Featured Image - "Numbers" by Kevin Dooley, used under CC BY 2.0

On 3/11/2017, I wrote a blog entry Parsing a Number into Digits. While it's not hard to implement the method to parse a number into digits, I wanted a simpler way for quick tests.

After solving a problem, Recursive Digit Sum, I fiddled around with a few different ways.

I will discuss the implementation as well as dis/advantage of it.

Before posting the 3/11 blog, I used to parse each digit at a time using int.Parse().

```.css-1q7q4hh{font-family:Menlo,monospace;font-size:inherit;}```private static IEnumerable<int> GetArray2(int value)
{
if (value < 0) value = -1; // or Math.Abs

string text = value.ToString();
for (int i = 0; i < text.Length; i++)
{
yield return int.Parse(text\[i\].ToString());
}
}``````

While reading the problem discussion forum, I ran into this GO implementation of digit sum of a number by sei40kr. I noticed that he simply subtracted a number character by '0'. It's just a simple ASCII algebra but that thought never occurred to me.

By the way, here is how the ASCII subtraction works.

E.g.) Ascii value of '1' is 49, '0' is 48, '2' is 50 and '9' is 57.  So basically subtracting an ASCII value of current number character with '0' becomes the number.

'1' - '0' = 1 (49 - 48) '2' - '0' = 2 (50 - 48) ... '9' - '0' = 9 (57 - 48)

This implementation was faster than the "int.parse" one but still slower than the stack version. But the advantage is that it's easier to implement, more intuitive thus less error prone.

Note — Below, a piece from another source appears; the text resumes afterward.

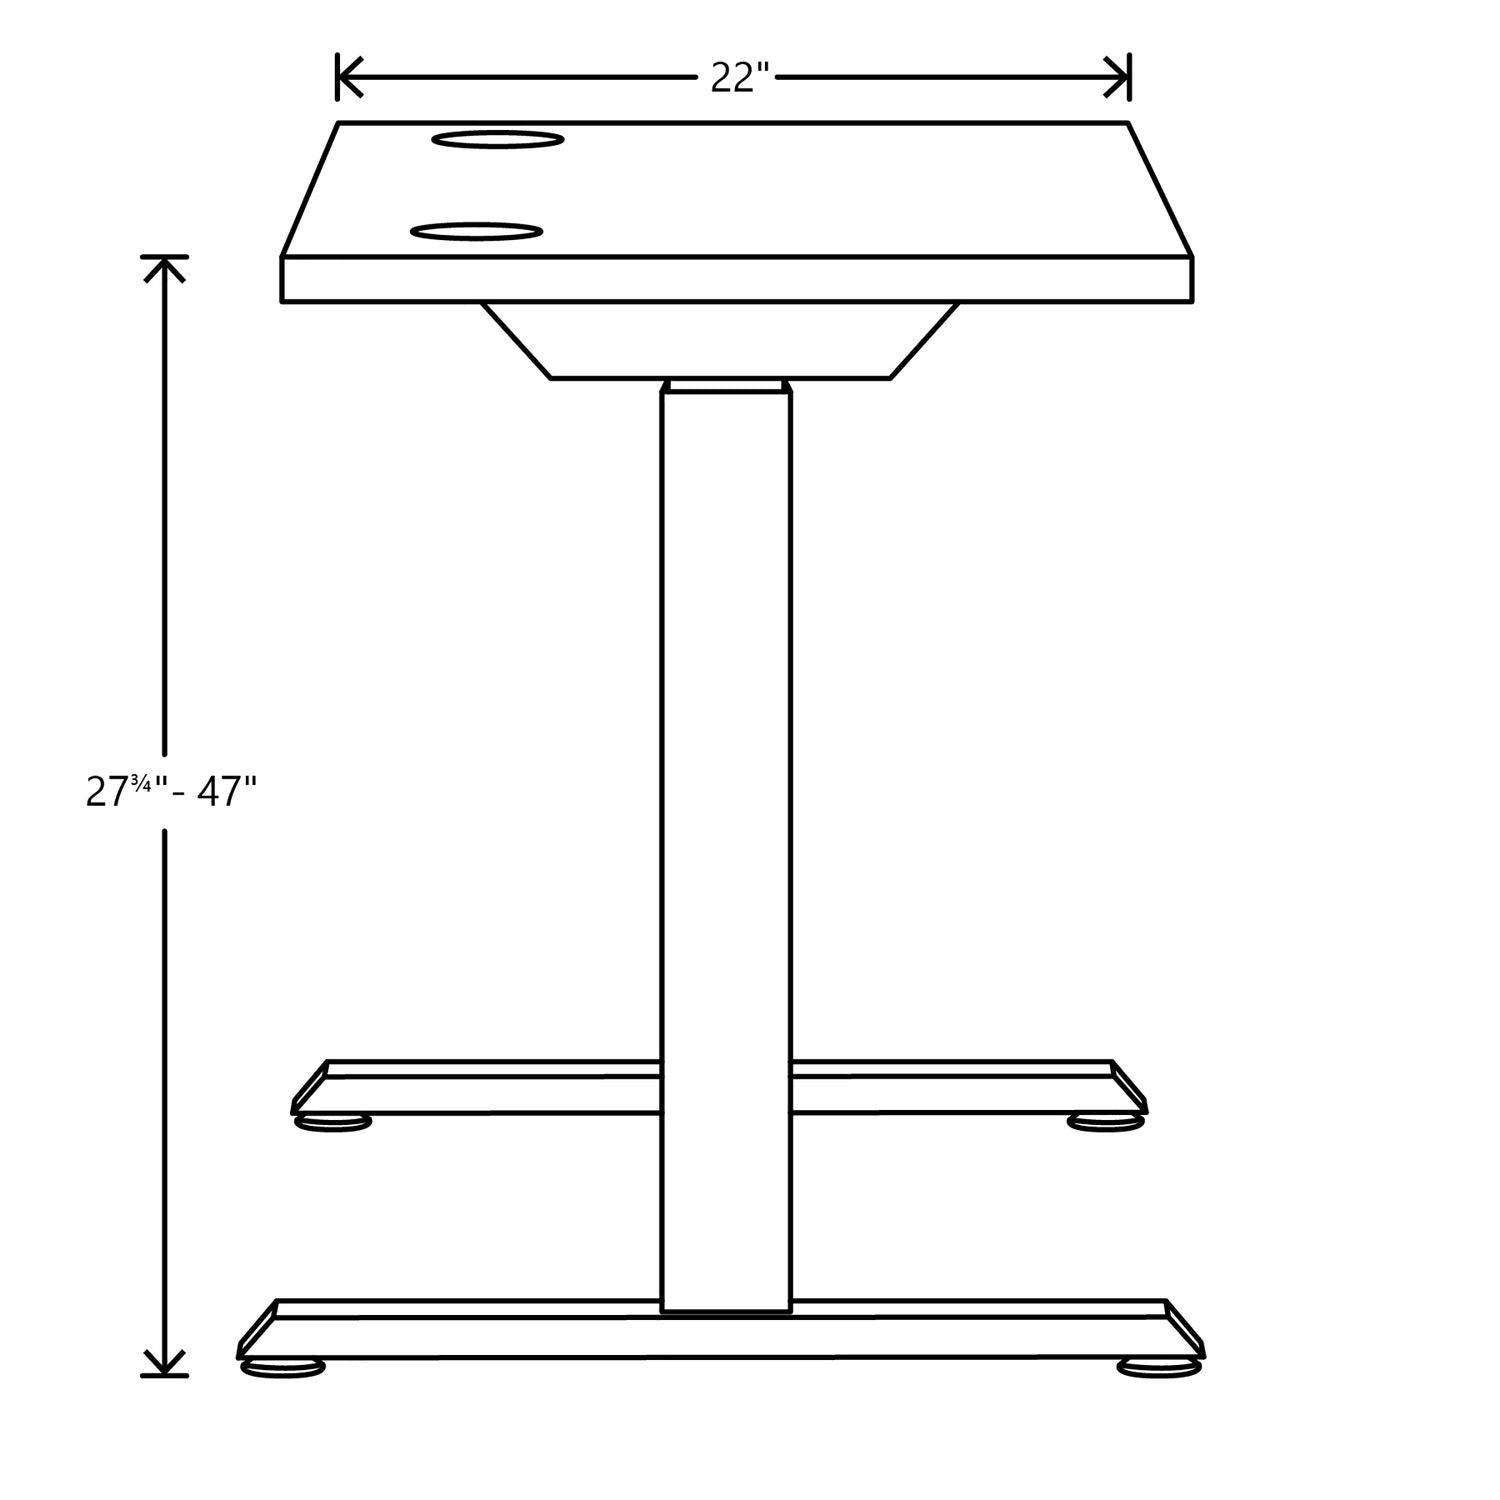 coordinate-height-adjustable-desk-bundle-2-stage-58-x-22-x-2775-to-47-pinnacle\\black-ships-in-7-10-business-days_honhat2spnb2258 - 8

The implementation is the same as `GetArray2` and the only difference is that `GetArray3` returns an integer using subtraction (line# 8).

``````private static IEnumerable<int> GetArray3(int value)
{
if (value < 0) value = -1; // or Math.Abs

string text = value.ToString();
for (int i = 0; i < text.Length; i++)
{
yield return text\[i\] - '0';
}
}``````

ASCII subtraction version is about 2~3 times faster than the int.parse version.

### Conclusion

For a quick testing, I'd use the int.parse version but for production code, I'd use the stack implementation.

While the former is easier to implement and less error prone, the latter is still much faster by the fact of two (Stack version is about 5~6 times faster than int.parse version).

A contrived benchmarking result came out as follows.

Implementation using Stack: 00:00:04.0093535 Implementation using int.parse: 00:00:22.2908904 Implementation using ordinal number: 00:00:08.3212206

The source for this test is on GitHub.